#### TRY IT:
Retype word for word the stretch of entries below from the line that has "banana peel as" through the line that has "Farm land near Sea", and omit the pictures.

#### DATA FOR THE TASK:
___

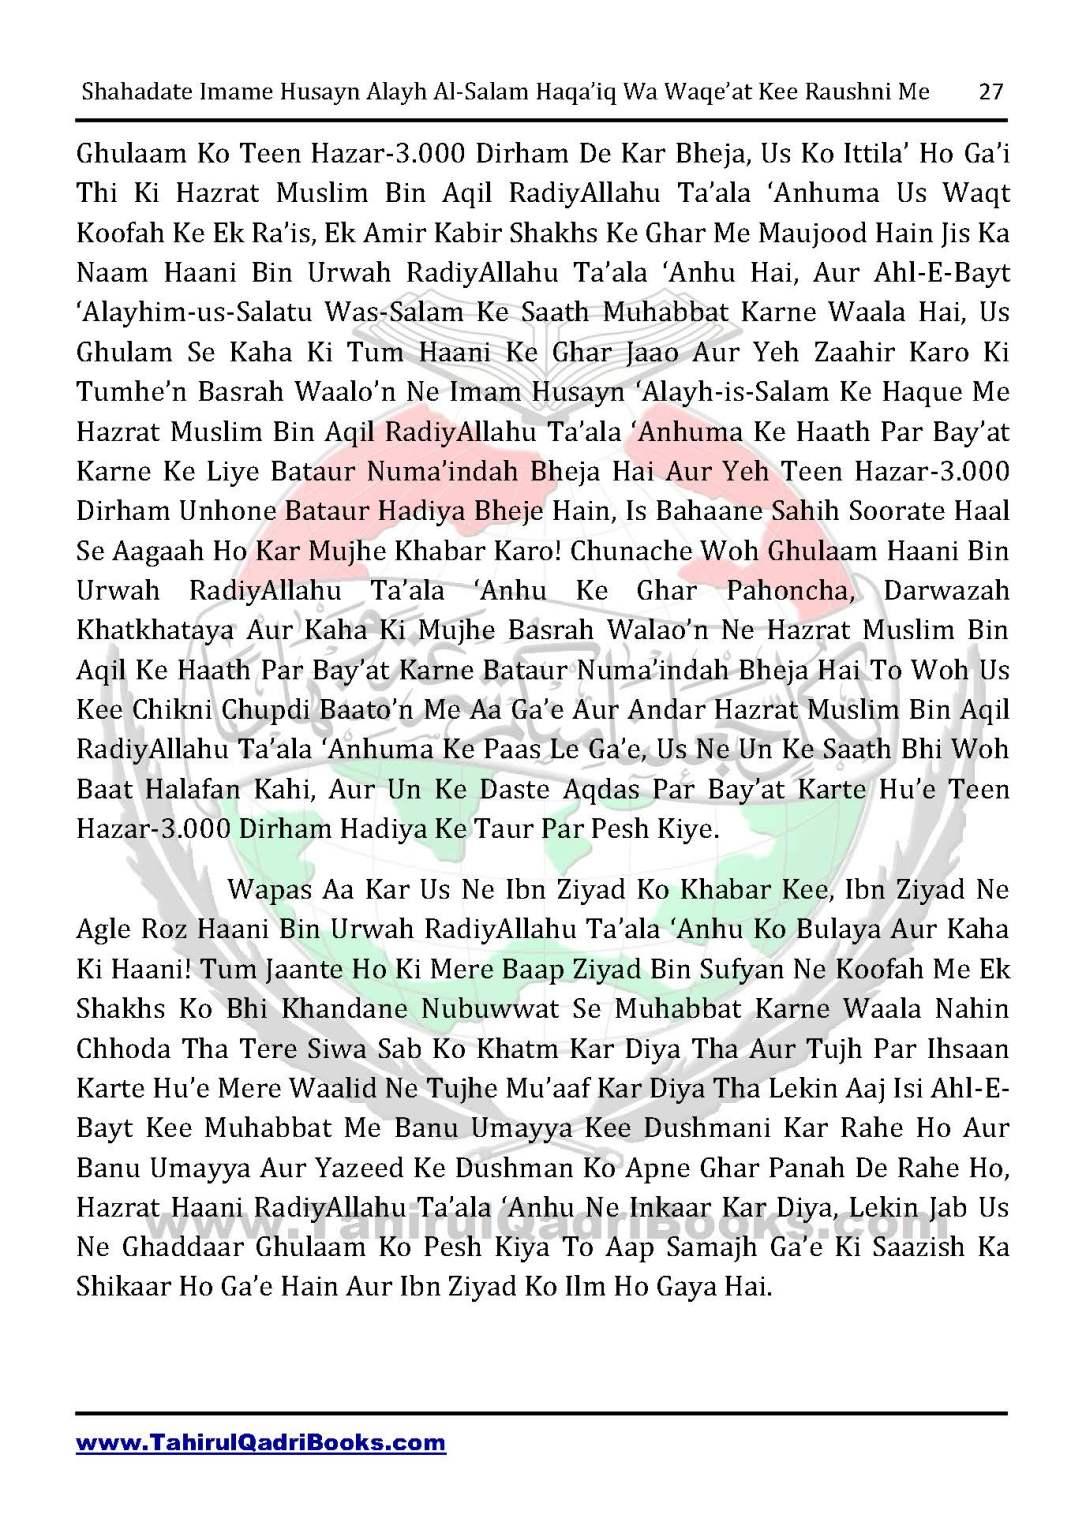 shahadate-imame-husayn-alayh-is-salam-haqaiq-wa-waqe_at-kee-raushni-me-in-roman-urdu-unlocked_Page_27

___

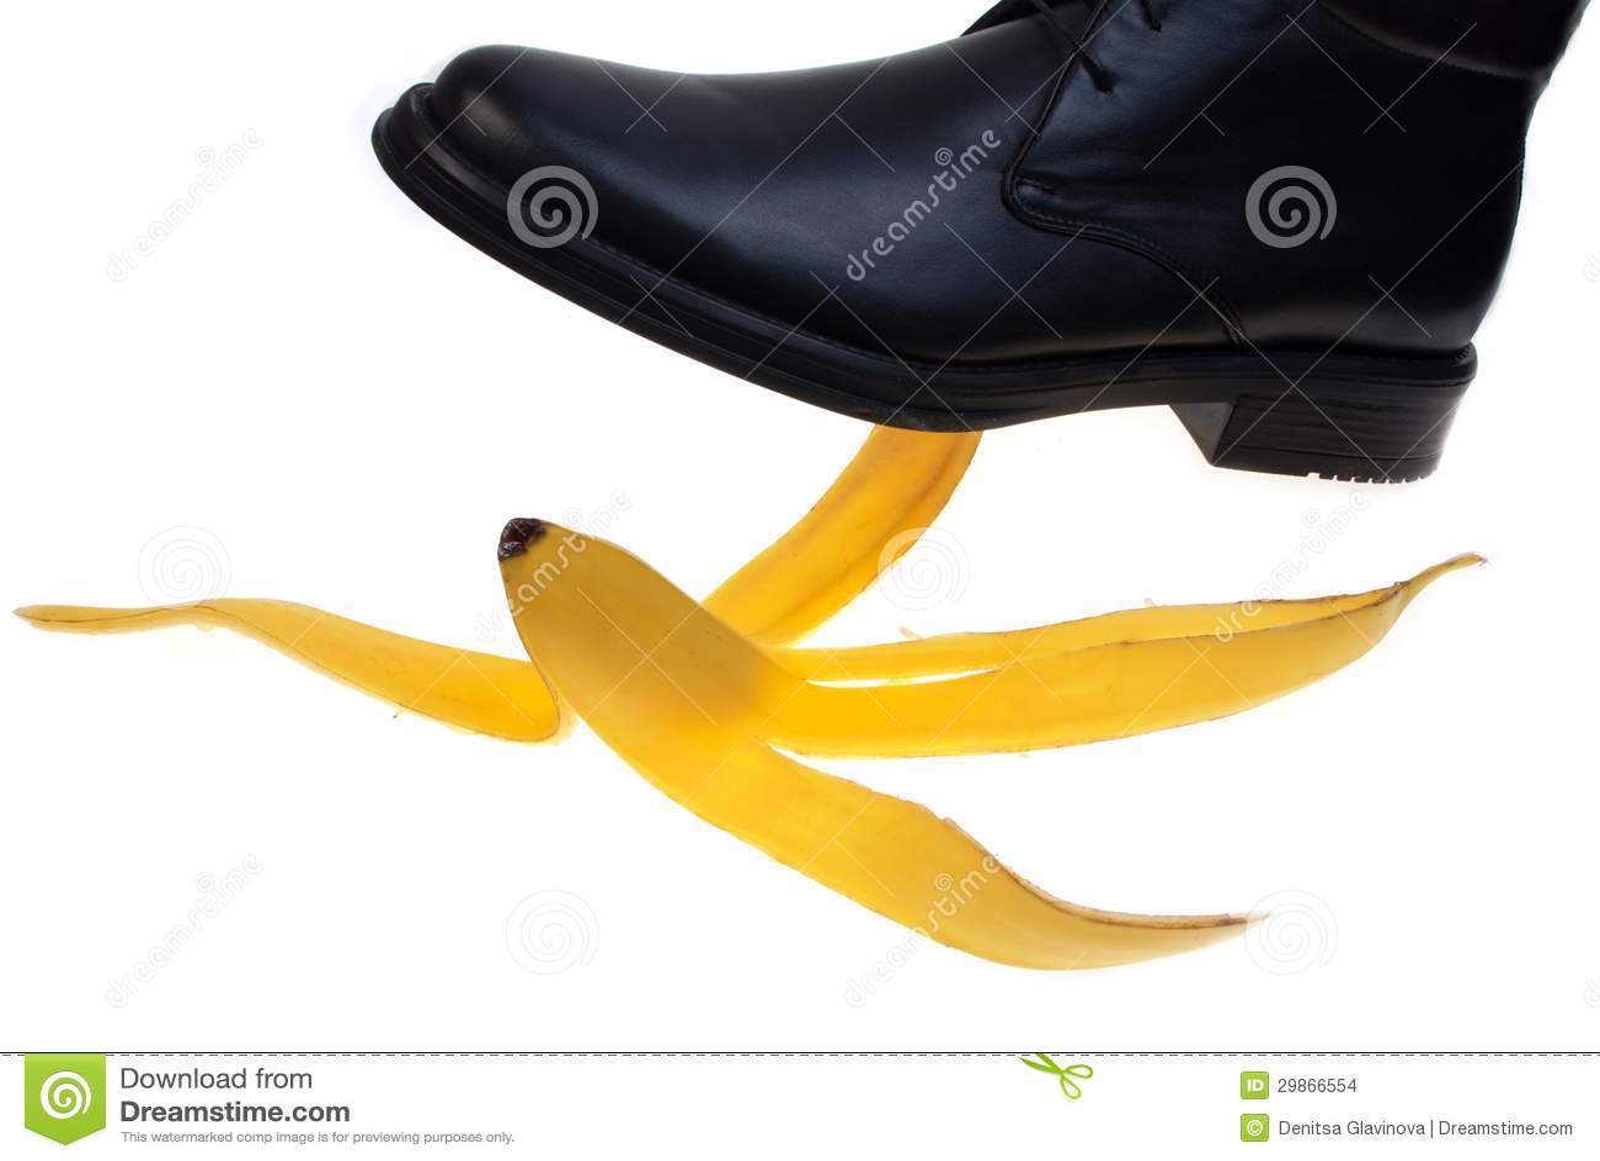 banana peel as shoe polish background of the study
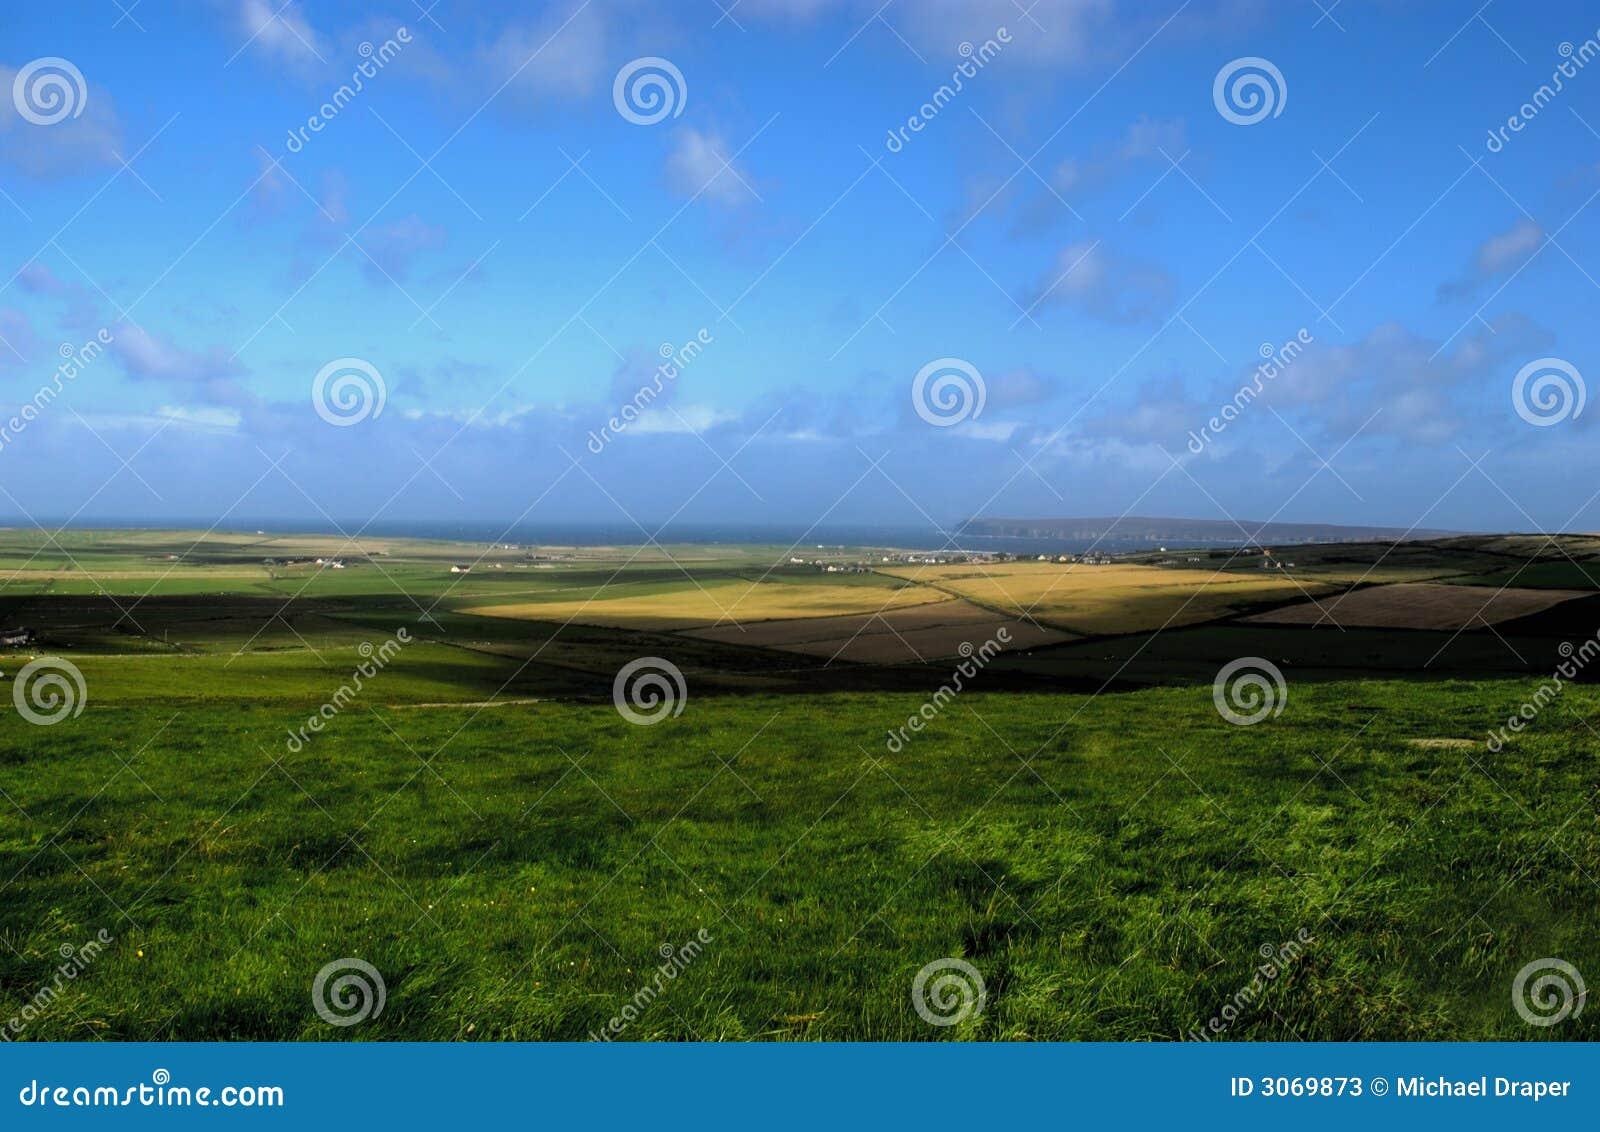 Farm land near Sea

___

#### WRITTEN SOLUTION:
 banana peel as shoe polish background of the study
 Farm land near Sea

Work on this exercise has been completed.